--- TASK DIRECTIONS ---
Give back exactly the lines from the "Chicken and broccoli" line to the final line of the records, and only those, minus any pictures.

--- RECORDS PROVIDED ---
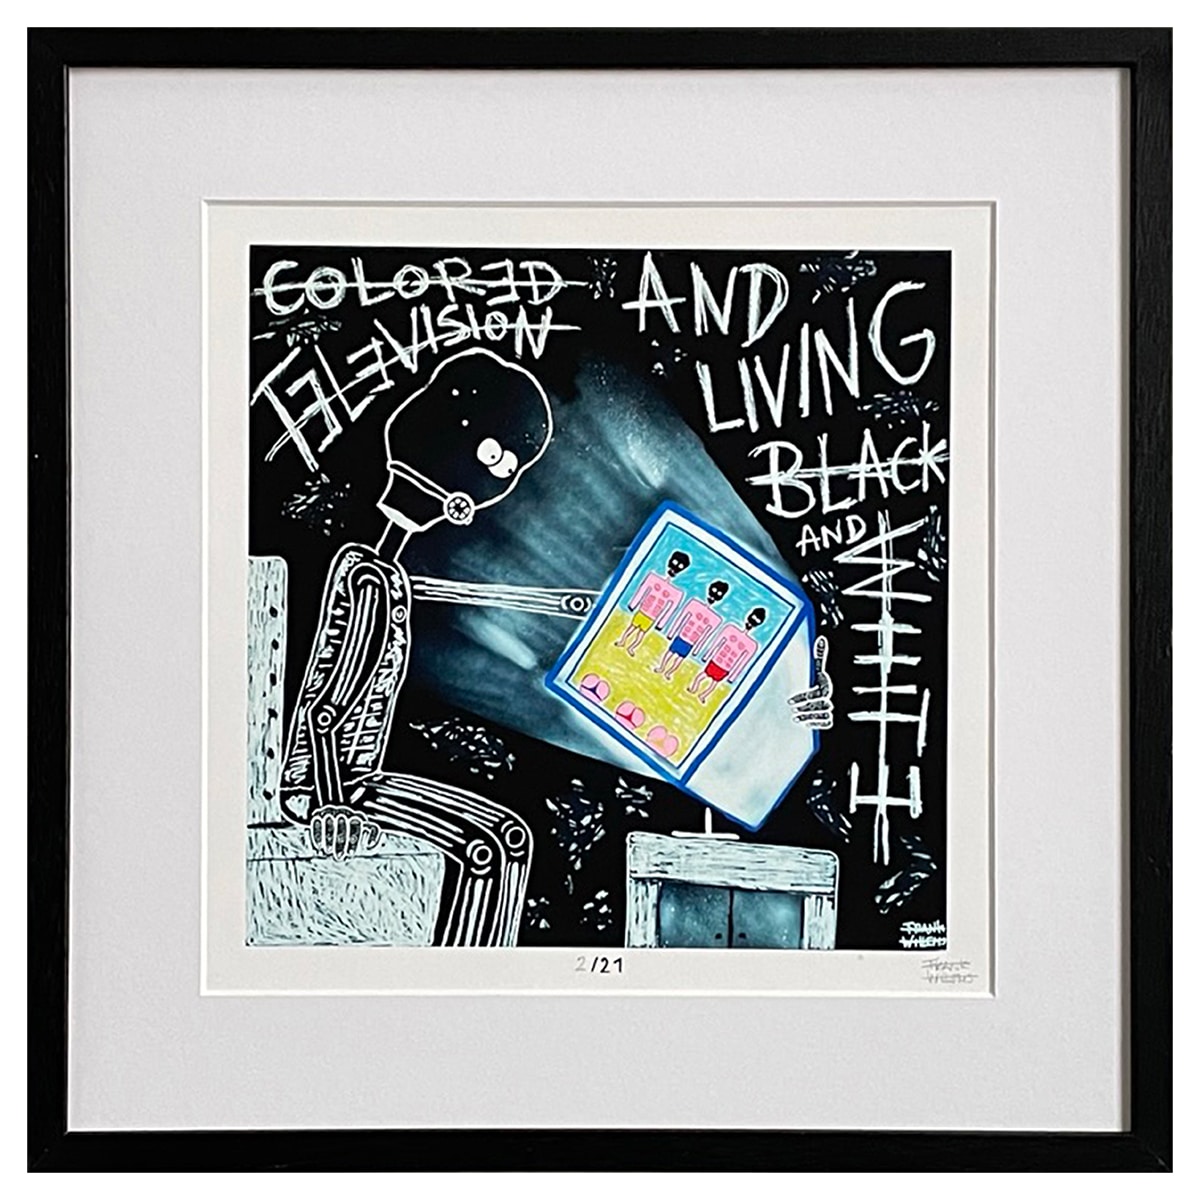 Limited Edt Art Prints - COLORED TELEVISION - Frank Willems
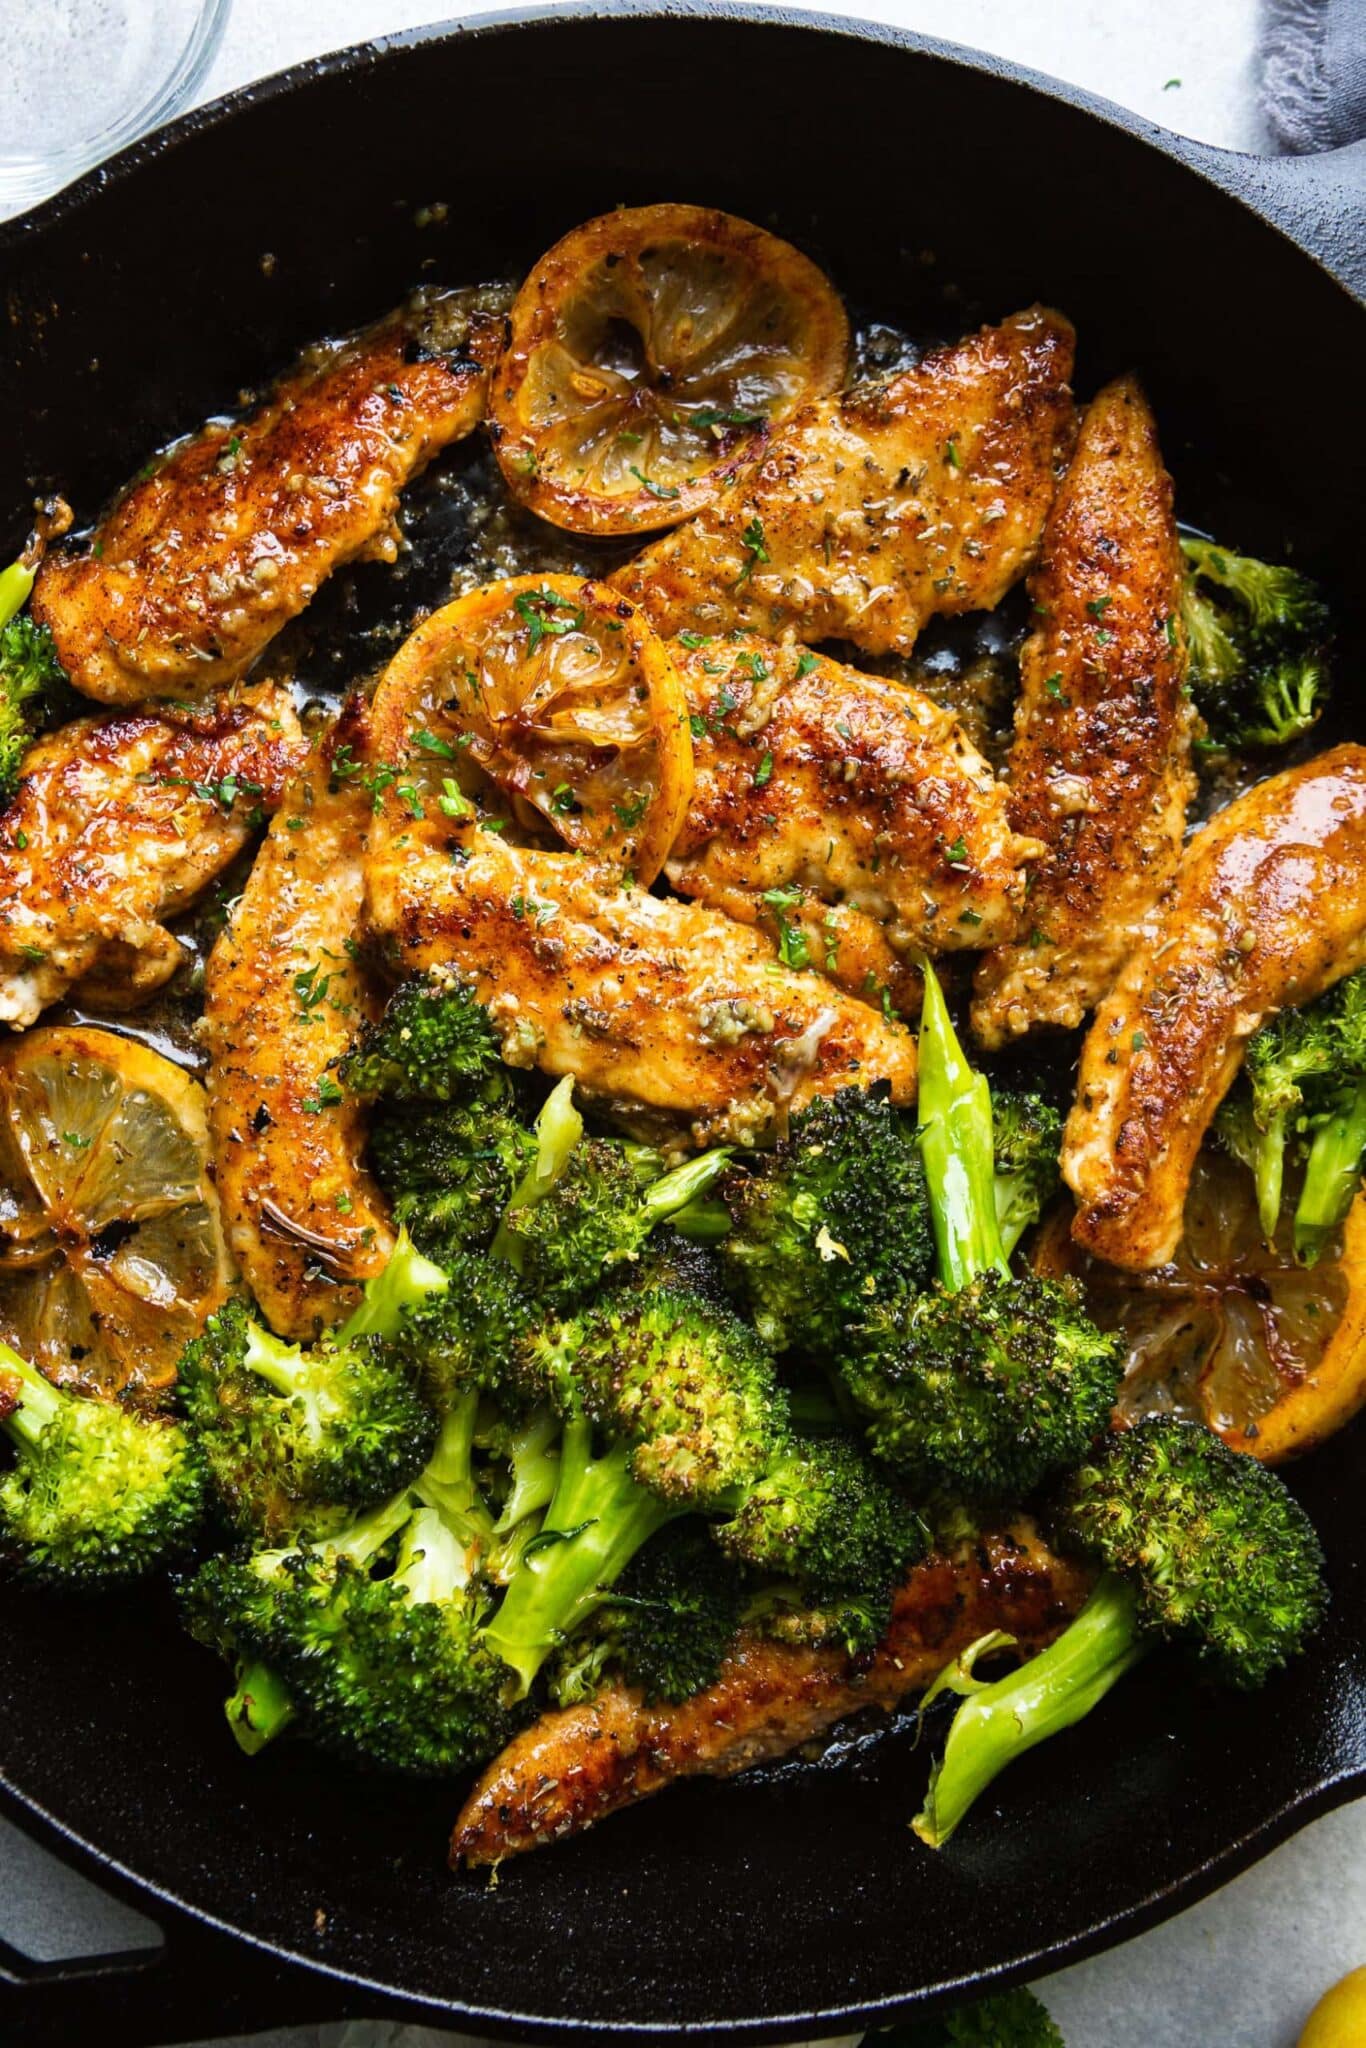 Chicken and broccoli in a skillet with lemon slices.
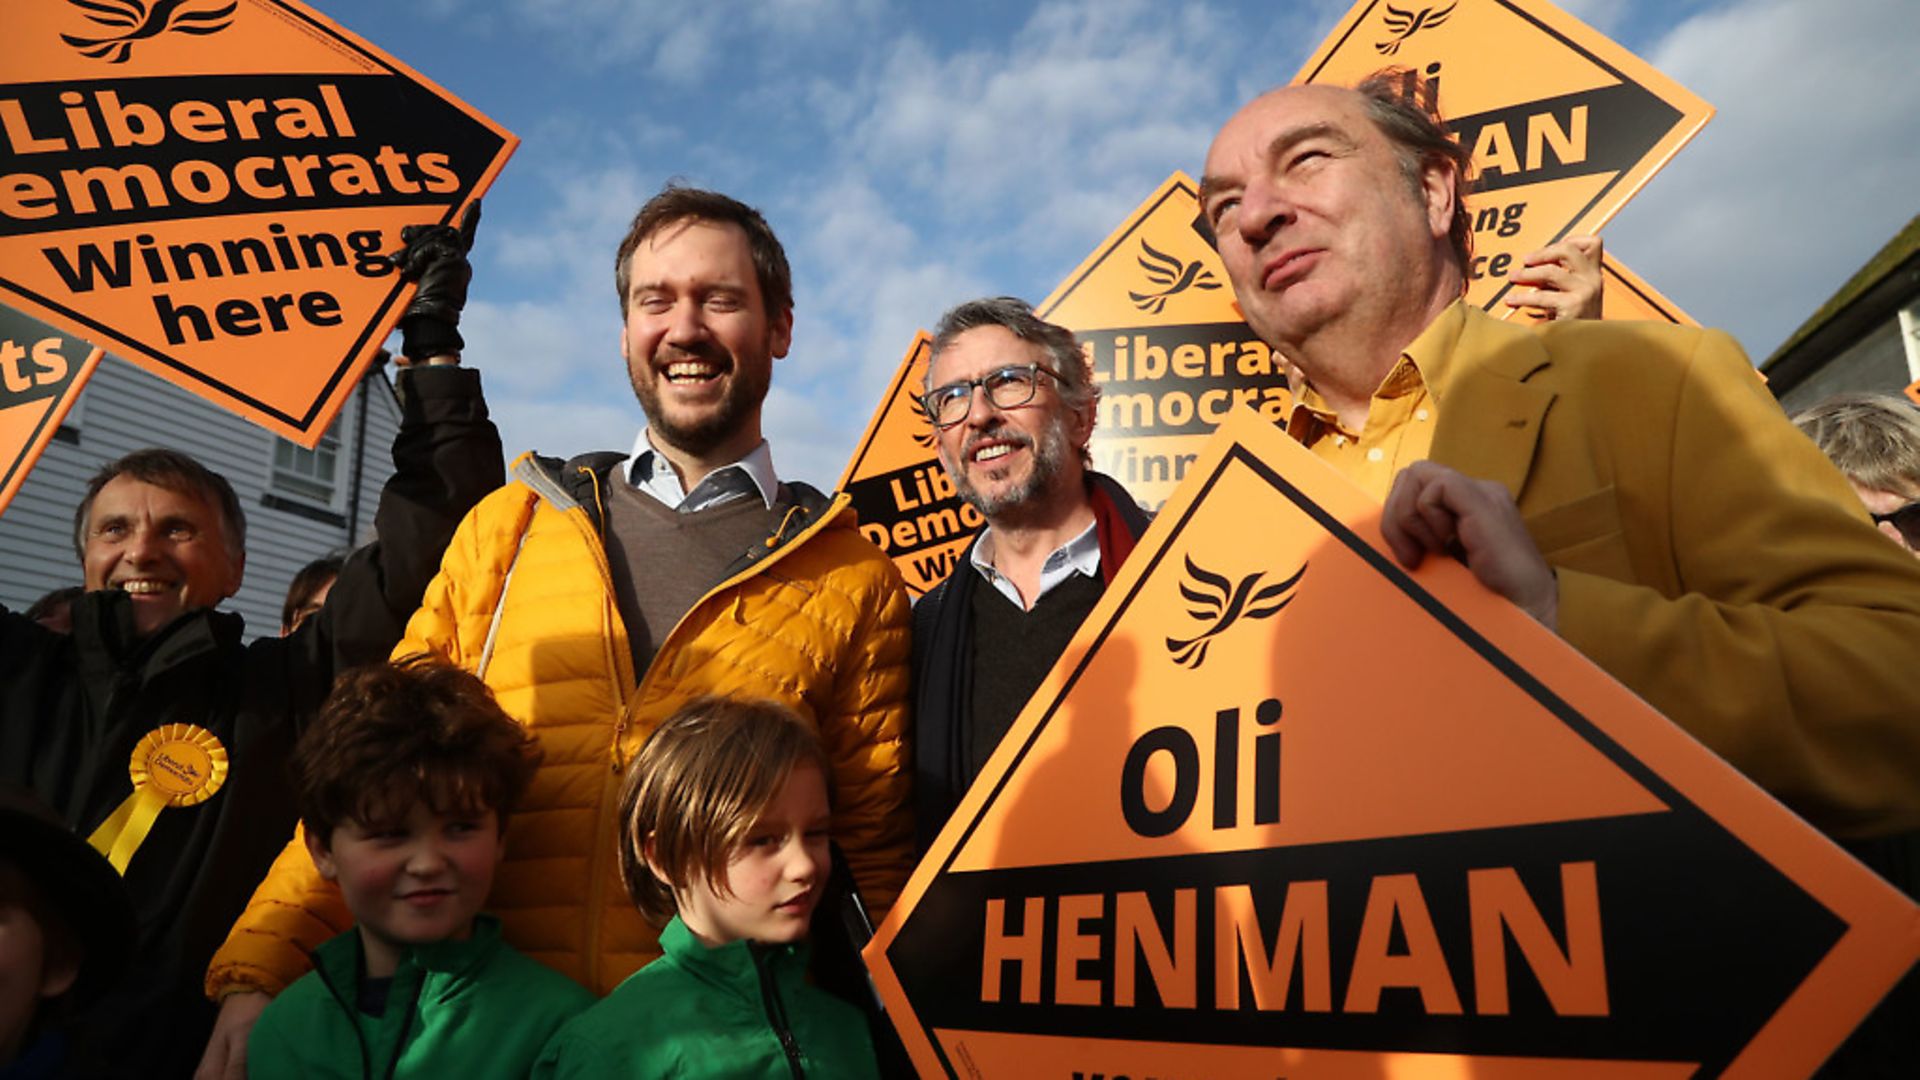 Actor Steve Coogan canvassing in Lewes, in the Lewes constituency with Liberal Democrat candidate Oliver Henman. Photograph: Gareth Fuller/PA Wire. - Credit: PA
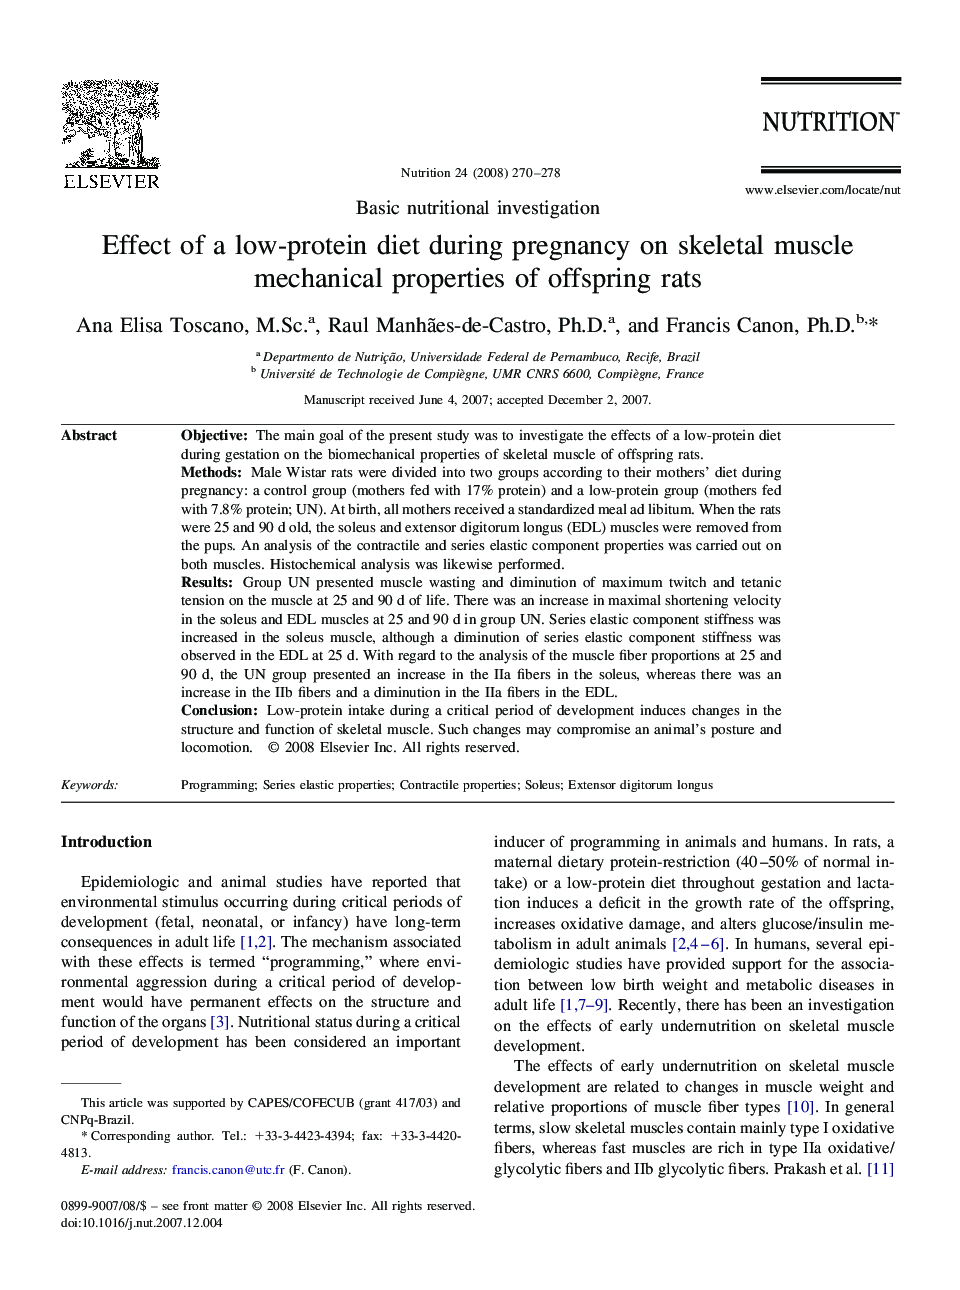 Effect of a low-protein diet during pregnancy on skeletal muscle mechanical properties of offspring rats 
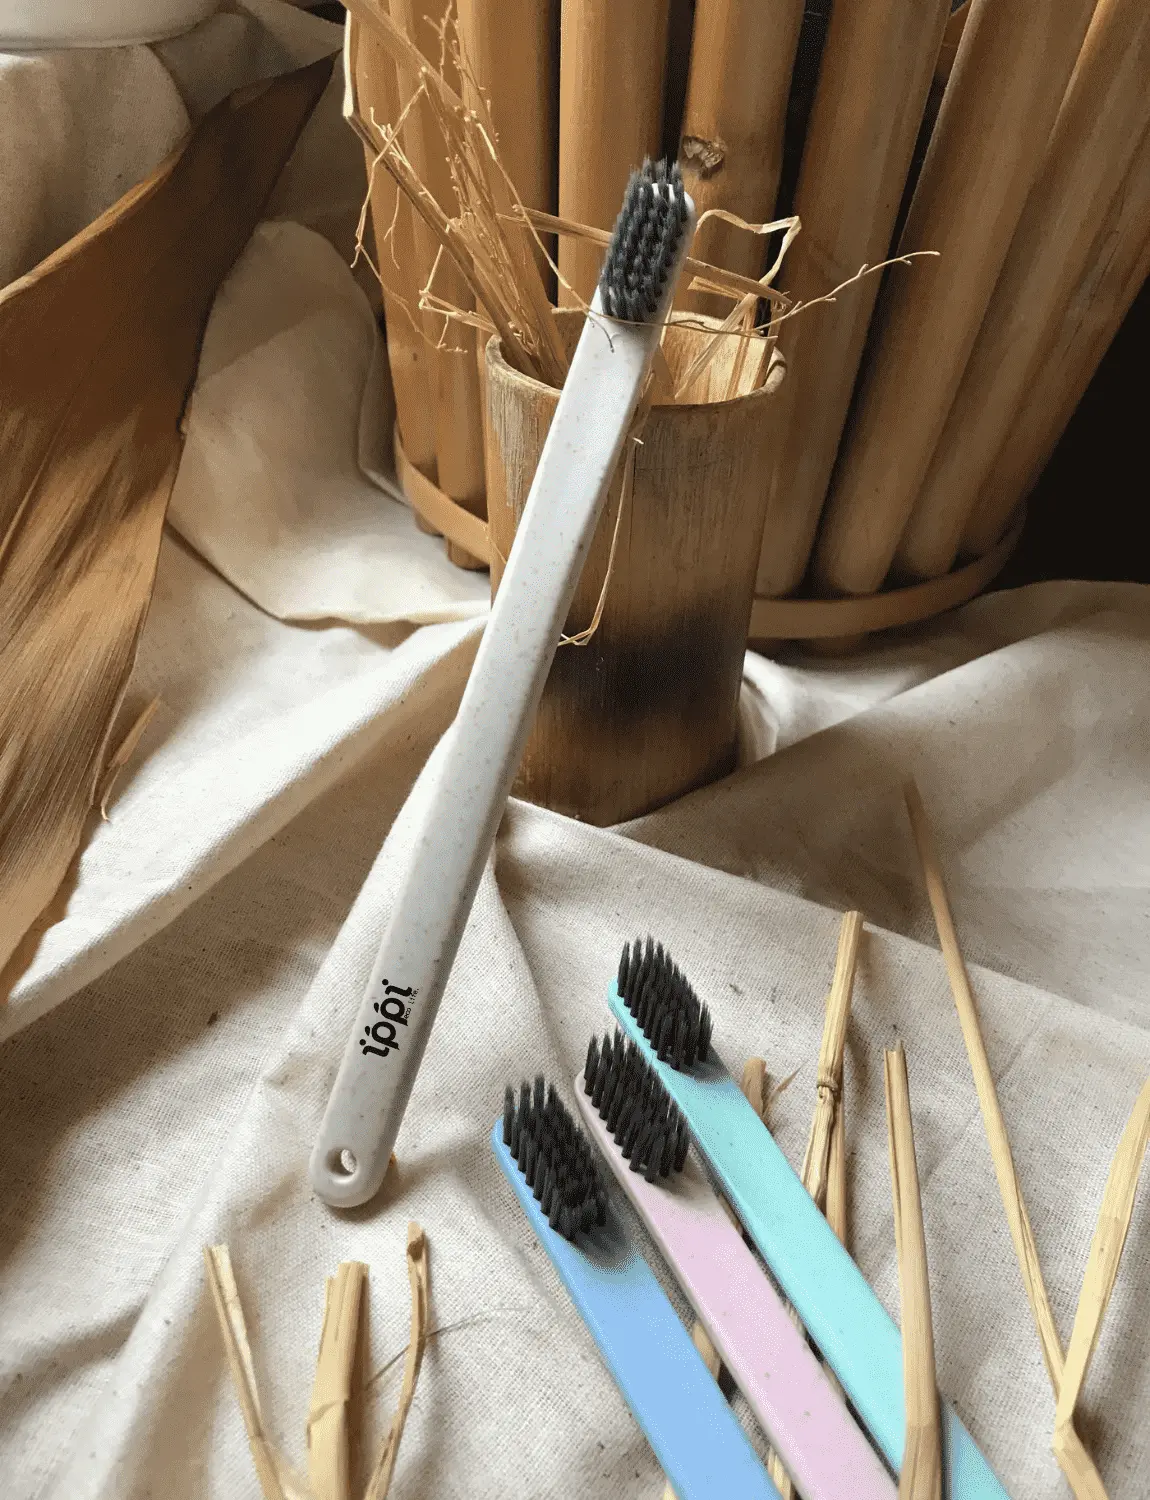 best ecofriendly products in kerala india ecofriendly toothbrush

--- EXERCISE ANSWER ---
 Chicken and broccoli in a skillet with lemon slices.
 Actor Steve Coogan canvassing in Lewes, in the Lewes constituency with Liberal Democrat candidate Oliver Henman. Photograph: Gareth Fuller/PA Wire. - Credit: PA
 Effect of a low-protein diet during pregnancy on skeletal muscle mechanical properties of offspring rats 
 best ecofriendly products in kerala india ecofriendly toothbrush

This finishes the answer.